Jireh Loreaux (Jan 13 2024 at 18:53):
But, as I think others are saying, we're not yet in the scenario that we need to consider splitting Mathlib.
Jireh Loreaux (Jan 13 2024 at 18:54):
There may yet be other ways of dealing with these issues. And also, note that wall clock time is not really a reliable measure.
Jireh Loreaux (Jan 13 2024 at 18:55):
@Jeremy Tan did you see Sebastian Ullrich's talk?
Jeremy Tan (Jan 13 2024 at 19:07):
I haven't (and it's 3am right now)
Mauricio Collares (Jan 13 2024 at 19:57):
build wall-clock is currently 17.5 minutes on speedcenter, so a ~3x speedup is possible with hardware upgrades (if it becomes necessary in the future)
Mauricio Collares (Jan 13 2024 at 20:01):
Honestly, it's incredible how well the 7950X3D performs. I was expecting a threadripper.
Yury G. Kudryashov (Jan 13 2024 at 21:39):
Note that you need to rebuild the whole mathlib only in the following cases:
- you upgrade a dependency;
- you change a file deep inside the import tree.
So, PRs that add new files can be compiled very quickly. I don't see how leaff
can help here.
We may want to restructure import
s to allow Lean to compile more files in parallel.

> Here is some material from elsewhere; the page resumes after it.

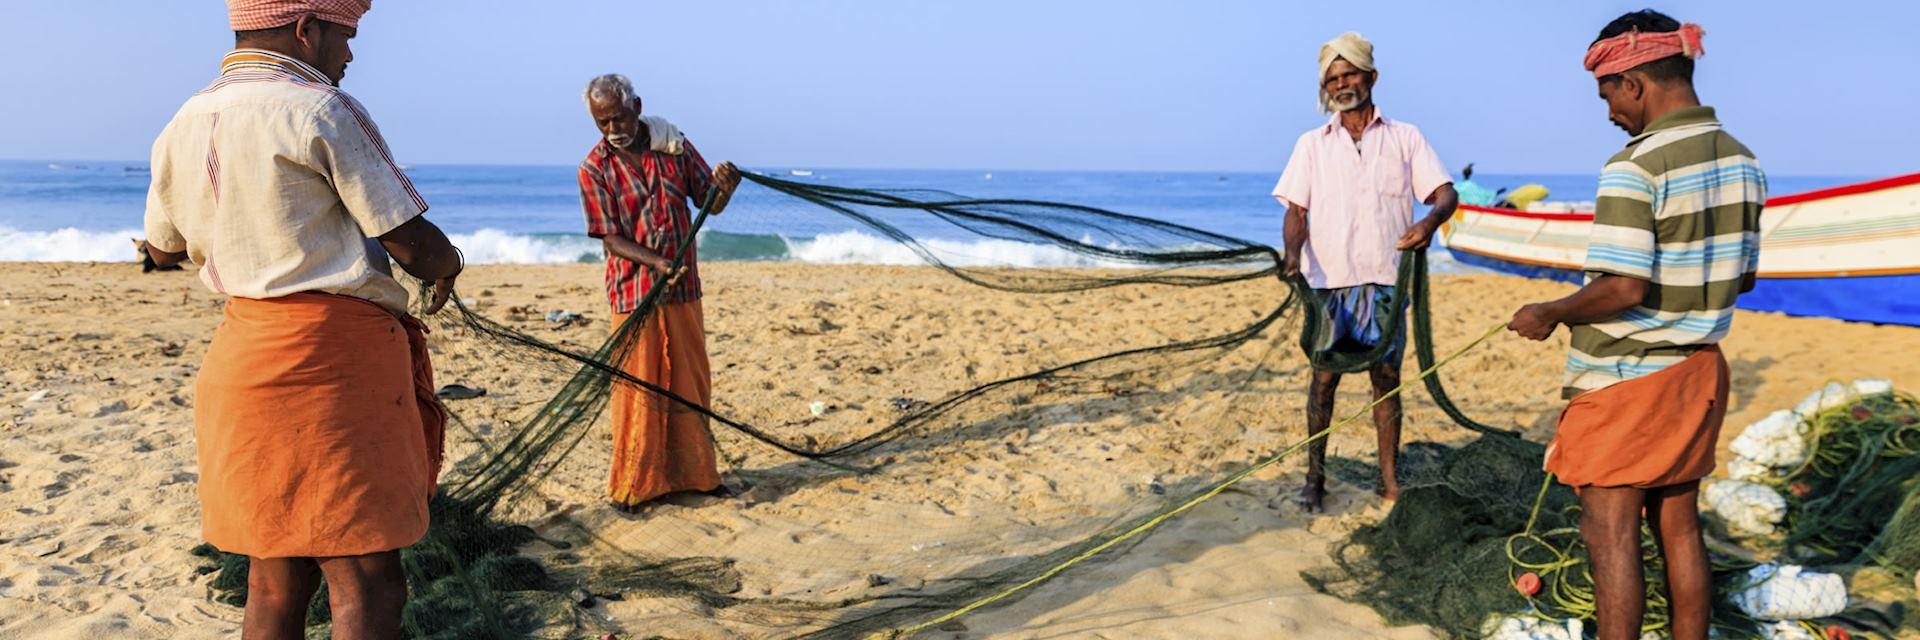 Fishermen on a Kerala beach

Matthew Ballard (Jan 13 2024 at 23:53):
There is also a 20% speed up waiting #mathlib4 > example (p : P) : Q := p
takes 0.25s to fail!
Kim Morrison (Jan 14 2024 at 00:16):
Regarding the topic line for this thread, is there actually evidence that quadratic terms in the build time (which certainly exist, e.g. time spent in simp
will is presumably at least quadratic in the "depth" of Mathlib) are actually starting to dominate?
One of my key takeaways from Sebastian's talk was that it mostly looks like we are still in the linear domain.
Mario Carneiro (Jan 14 2024 at 00:18):
My initial read was that the other linear factor was the fact that we run builds regularly
Mario Carneiro (Jan 14 2024 at 00:20):
Scott Morrison said:
e.g. time spent in
simp
will is presumably at least quadratic in the "depth" of Mathlib
this is one of the major differences between lean 3 and lean 4 and why it doesn't take 3-6 hours anymore: simp over the library is now O(n log n) not O(n^2)
Mario Carneiro (Jan 14 2024 at 00:21):
building environments is O(n^2) though (or rather O(n * files)), but it is very much not a dominant factor in build times
Kim Morrison (Jan 14 2024 at 00:52):
This said, there are huge opportunities to improve the import structure of Mathlib, with benefits:
- faster build times for individual targets (e.g. you want to change X to see how it effects Y, but can leave everything else to CI)
- improving parallelism of the build, so CI and benchmarking machines can continue taking advantage of more cores
- better pedagogy: currently there are way too many instances of "surely you don't need to know about A to understand B!" in Mathlib
- easier de-Mathlibify of bugs
- allowing users who can't cope with all of Mathlib (we know these exist!) to more easily extract parts they need, either by hand or future automatic tools
- making possible future decisions to split the repository (either "from the top" or "from the bottom")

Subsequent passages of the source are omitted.